Thursday, April 9, 2015
Ephesians 1:4-5, "Even before he made the world, God loved us and chose us in Christ to be holy and without fault in his eyes. God decided in advance to adopt us into his own family by bringing us to himself through Jesus Christ. This is what he wanted to do, and it gave him great pleasure."
I am reminded today of how we used to pick teams for games when we had a large group of people. There were two team captains and then a line of multiple people whom the captains could choose from to be on their team. The first captain would choose who he wanted and then the next, and they'd rotate back and forth until every person had been placed on a team. You knew the people who would be chosen first, but the sad part was when there were only two people left and one of them was going to end up on a team feeling as if they were there simply because there were no more people to choose from. You never wanted to be chosen last.
I never liked picking teams that way because there had to be that last person standing there who felt unwanted... unneeded... not chosen.
Deep down in each of our hearts I believe we all have a longing to be chosen.
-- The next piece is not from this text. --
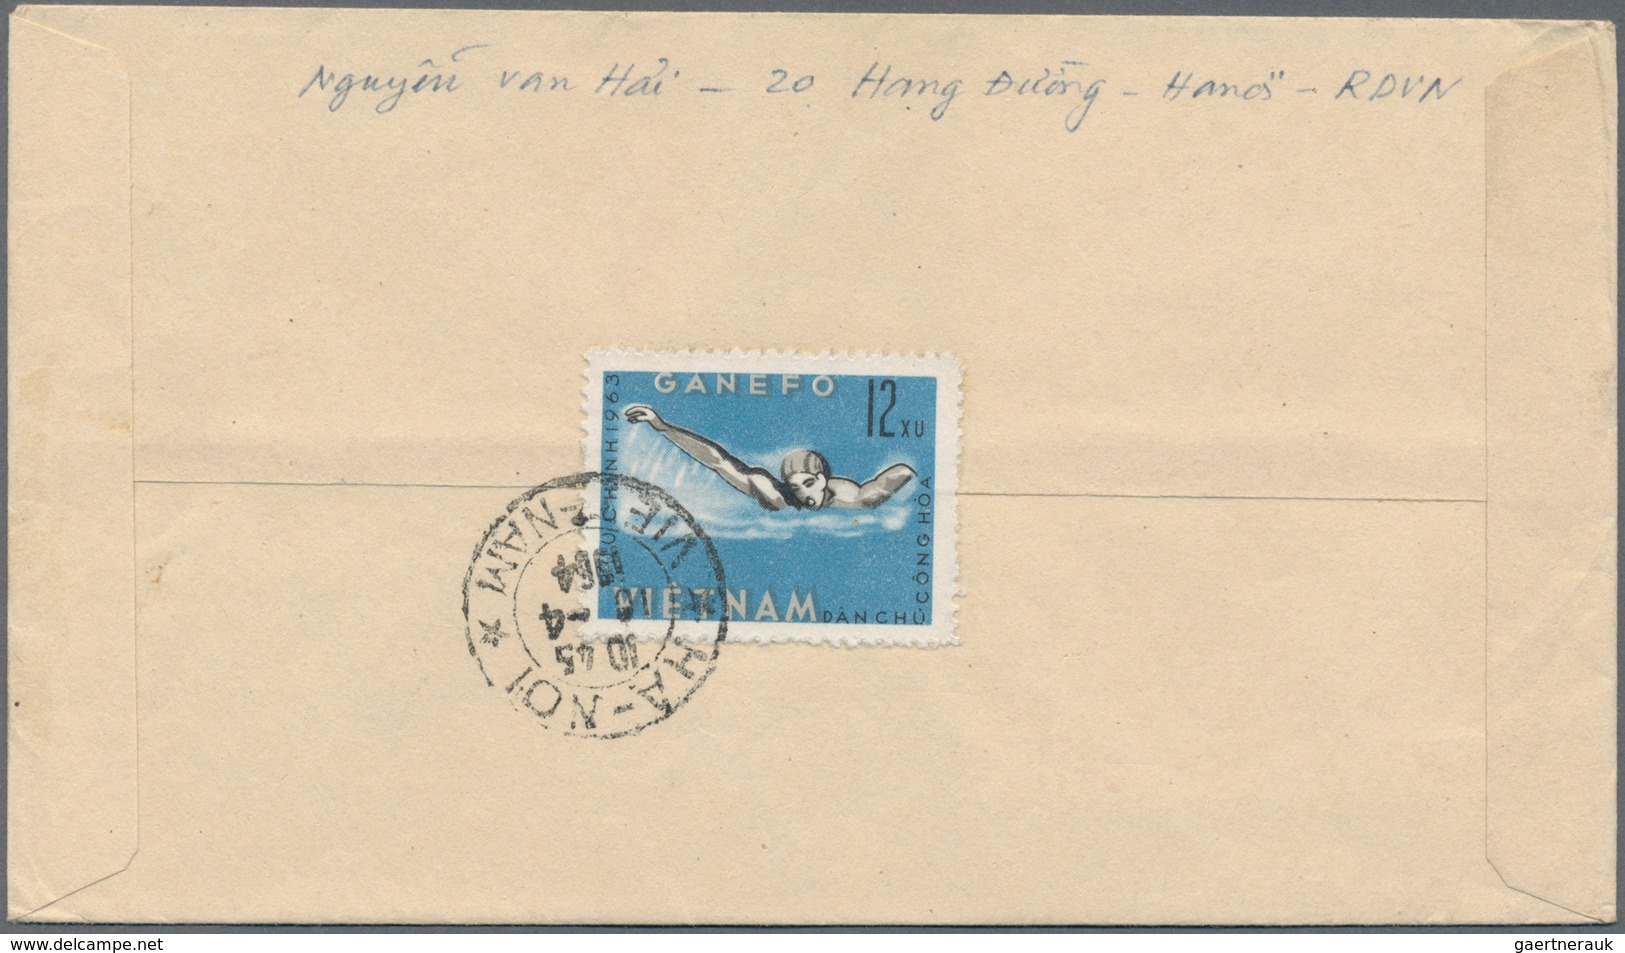 Vietnam-Nord (1945-1975): 1957/63, Cover Addressed To Jena-Saale, East Germany, Bearing 67th Birthda - Vietnam

There's this belief that some of us have that if we could just be smart enough... pretty enough... rich enough... cool enough... popular enough... that somehow we'd then be worthy of being chosen by those we feel rejected by.
God's dealt with my heart so much in this area over the past few years, but I can remember so clearly the years I went through of just longing to be wanted and to measure up to some standard I thought in my mind I needed to measure up to in order to be chosen. I was so insecure about myself! I felt like no guy out there was interested in me. In my mind, I bought into the lie that if I was just skinny enough, then I'd be wanted. So, I starved myself and went through two years of anorexia in Jr. High. I'd faced rejection (that really turned out being God's protection), and because of feeling rejected, I thought surely there was something wrong with me. I felt like I wasn't enough.
Then I went to college for a semester, and that's where God began revealing to me who I am in Christ and that I have so much worth and value, not because of who I am but because of Whose I am.
Last night, I was reading in Beth Moore's Bible study "Living Beyond Yourself". I was instructed to read Ephesians 1:3-6. Verses 4-5 talk about how God chose us even before the world was made. Then God started stirring this devotional in my heart.
He CHOSE me. Not only did He choose me. I was CHOSEN even before the world began.
Later in the Bible study, I read Deuteronomy 7:6 which says, "For you are a holy people, who belong to the Lord your God. Of all the people on earth, the Lord your God has chosen you to be his own special treasure."
Coming from a girl who grew up with massive low self-esteem from my own insecurities, these verses spoke volumes to me. The words "chosen" and "special treasure" definitely are what I long to be described as.
Something God taught me as I spent many hours alone while I was in college is that I like who He made me to be. I certainly don't like everything I do, and I don't like who I am in and of myself. However, I do like who I am IN CHRIST. Instead of being my worst enemy, I enjoy my own company now. Instead of constantly needing someone else to keep me propped up emotionally, I now have the confidence that God chose me, and therefore, I am chosen, wanted, and Someone's special treasure.
There's something I learned from my insecure years. No matter how much people accept me, if I don't learn who I am in Christ, I will never be secure. People weren't the reason I was insecure. In fact, there were many people who told me really encouraging and nice things while I was growing up, but I didn't believe them. If we look for our security in another's opinion of us, we'll go through our entire life trying to measure up. On the other hand, if we will find our security, worth, and value in what our Heavenly Father has to say about us, no matter what others say or do or think about us, we'll have our firm footing on the solid Rock of Christ.
Know today that no matter what people have accepted or rejected you in life, God chose you. You are chosen by the Creator Himself. Guess what! He even chose you before the world was made, and He knew exactly every good and bad thing you'd ever do. He still chose you.
Live as a chosen child of God.
Dear Heavenly Father,
You know the struggles I've faced in this area of simply wanting to be chosen. Due to that deep desire that I was trying to have filled by people rather than by You, the pain of rejection was excruciating. There were times I bought into the enemy's lies that if I were just pretty enough, funny enough, skinny enough, or some other enough that I'd be worthy of being chosen. Thank You for choosing me knowing full well everything I'd ever do... every success and every mistake. I pray for anyone else who's been caught in this trap of not feeling chosen that You'll begin to show them just how much of a special treasure they are to You and the worth they have in You. In Jesus' Name.